Regardless, they've put the supermarkets on notice, whether the sector likes it or not (and whether they agree with the methodology).

It's also precisely what the government is aiming to achieve: the impression that yes, it can in fact do something about supermarket prices right now.

But as the saying goes, doing the same thing over and over expecting a different result is the first sign of madness.

So what does it mean that there seems to be inquiry after inquiry into supermarkets and grocery prices?

Groundhog day

If you put aside the politics of the different inquiries that have come and gone in the past six months, they're largely not telling us anything different.

There have been six inquiries running at the same time on a national level — five of them at the direction of the federal government — and another two by the Queensland and South Australian governments.
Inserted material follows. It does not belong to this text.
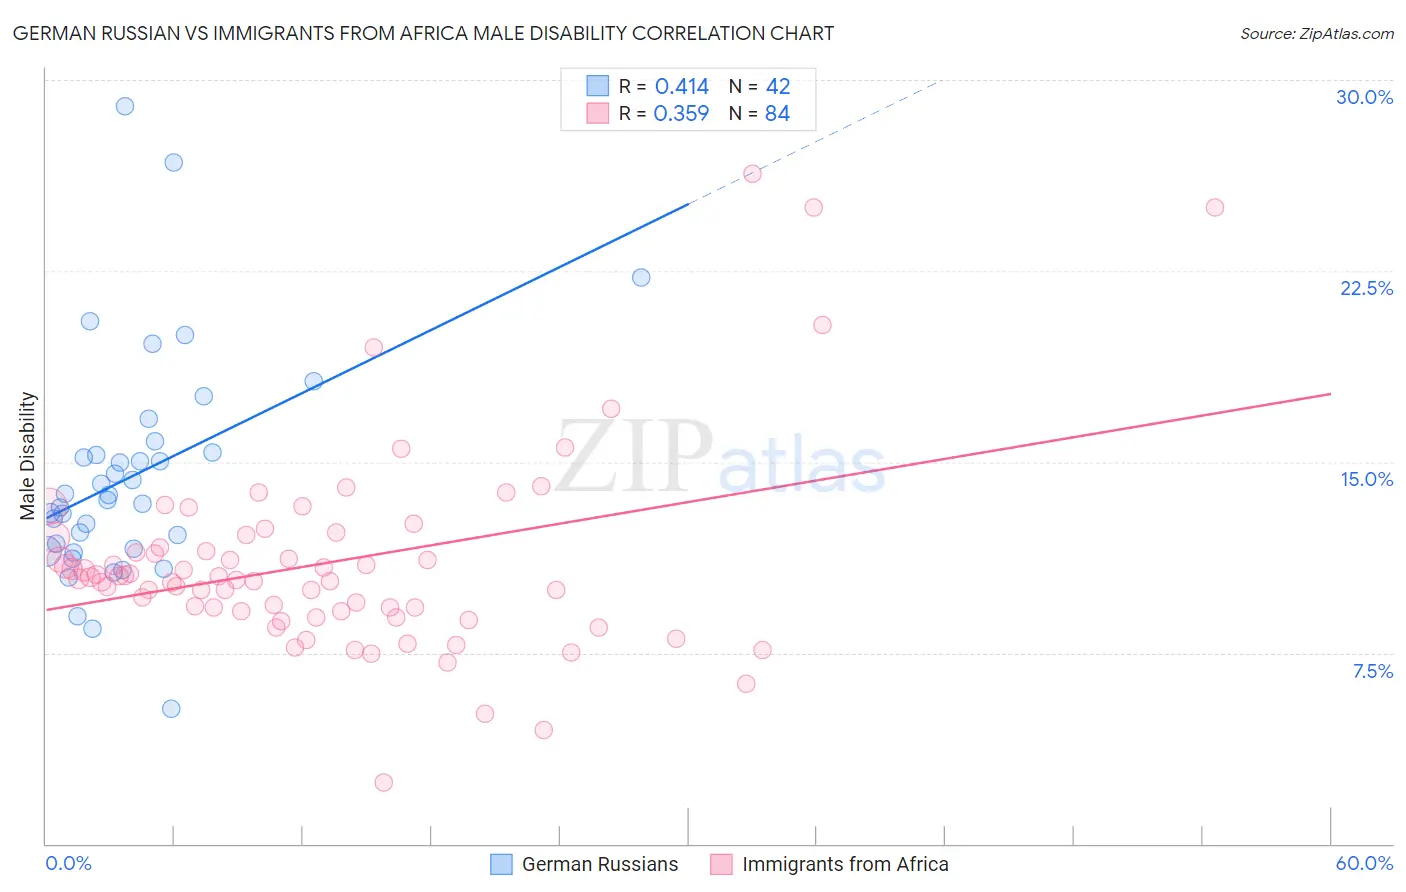 German Russian vs Immigrants from Africa Male Disability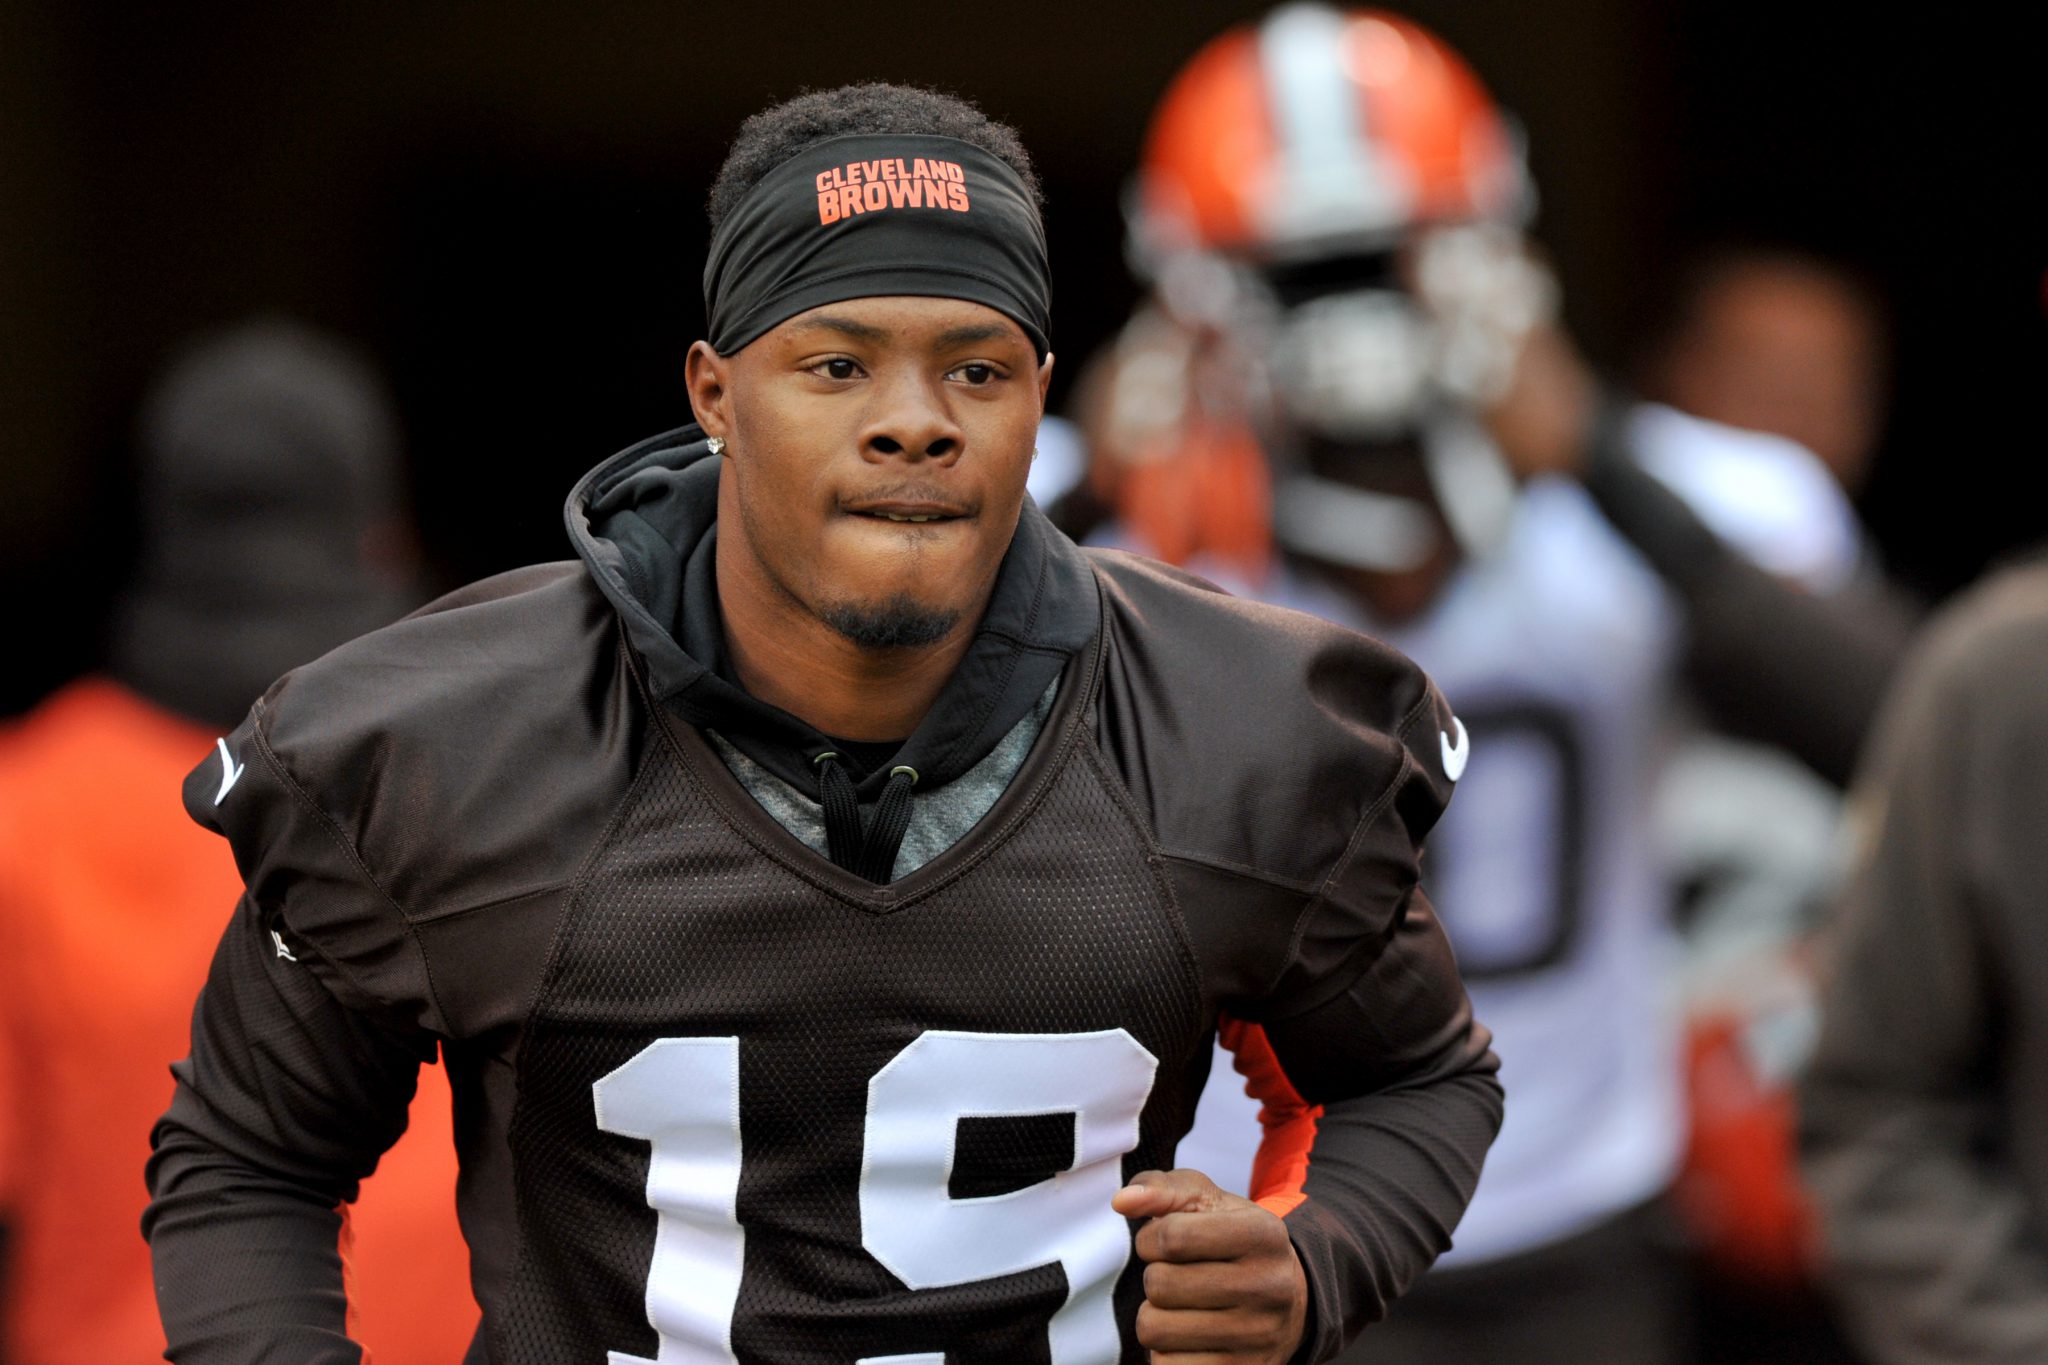 VOTE Browns Wide Receiver Corey Coleman For Pepsi Rookie Of The Week

The outlier is the union-backed price gouging inquiry chaired by former ACCC boss Allan Fels, which handed down its findings in February.

In it, Professor Fels commented that there hadn't been a "price war" between the supermarkets in years because there was insufficient competition.

The following month, the Greens-led Senate committee investigating supermarket prices delivered its report, which made repeated references to a lack of competition in the sector, and the need for stronger competition policy.

(Both Coles and Woolworths are adamant that there's plenty of competition in the supermarket space.)

The Senate inquiry also recommended the grocery code of conduct be made mandatory, as did Dr Emerson in his interim review of the code a month earlier.

The common denominator with all of these reviews and reports is that the evidence is often coming from the same experts — the only difference is the dates on which they give it.

So far, the ACCC has received more than 21,000 submissions into its supermarket inquiry, and it's in the middle of drafting its interim report to hand to the government by the end of August.

The final version will be signed off on next February, just in time for a federal election campaign that could very well see the tinned tomato can kicked under the shelf.

Whether it will make a difference is another thing entirely.

After all, the ACCC's grocery inquiry in 2008 found there was healthy competition in our supermarket sector — back when Aldi had under 200 stores, Costco hadn't turned the sod for its first warehouse, and Amazon Australia was nine years away from launch.

Having too much evidence is never a bad thing. But if sunshine is the best disinfectant, the repetitive flickering of the fluorescent lights won't cut it.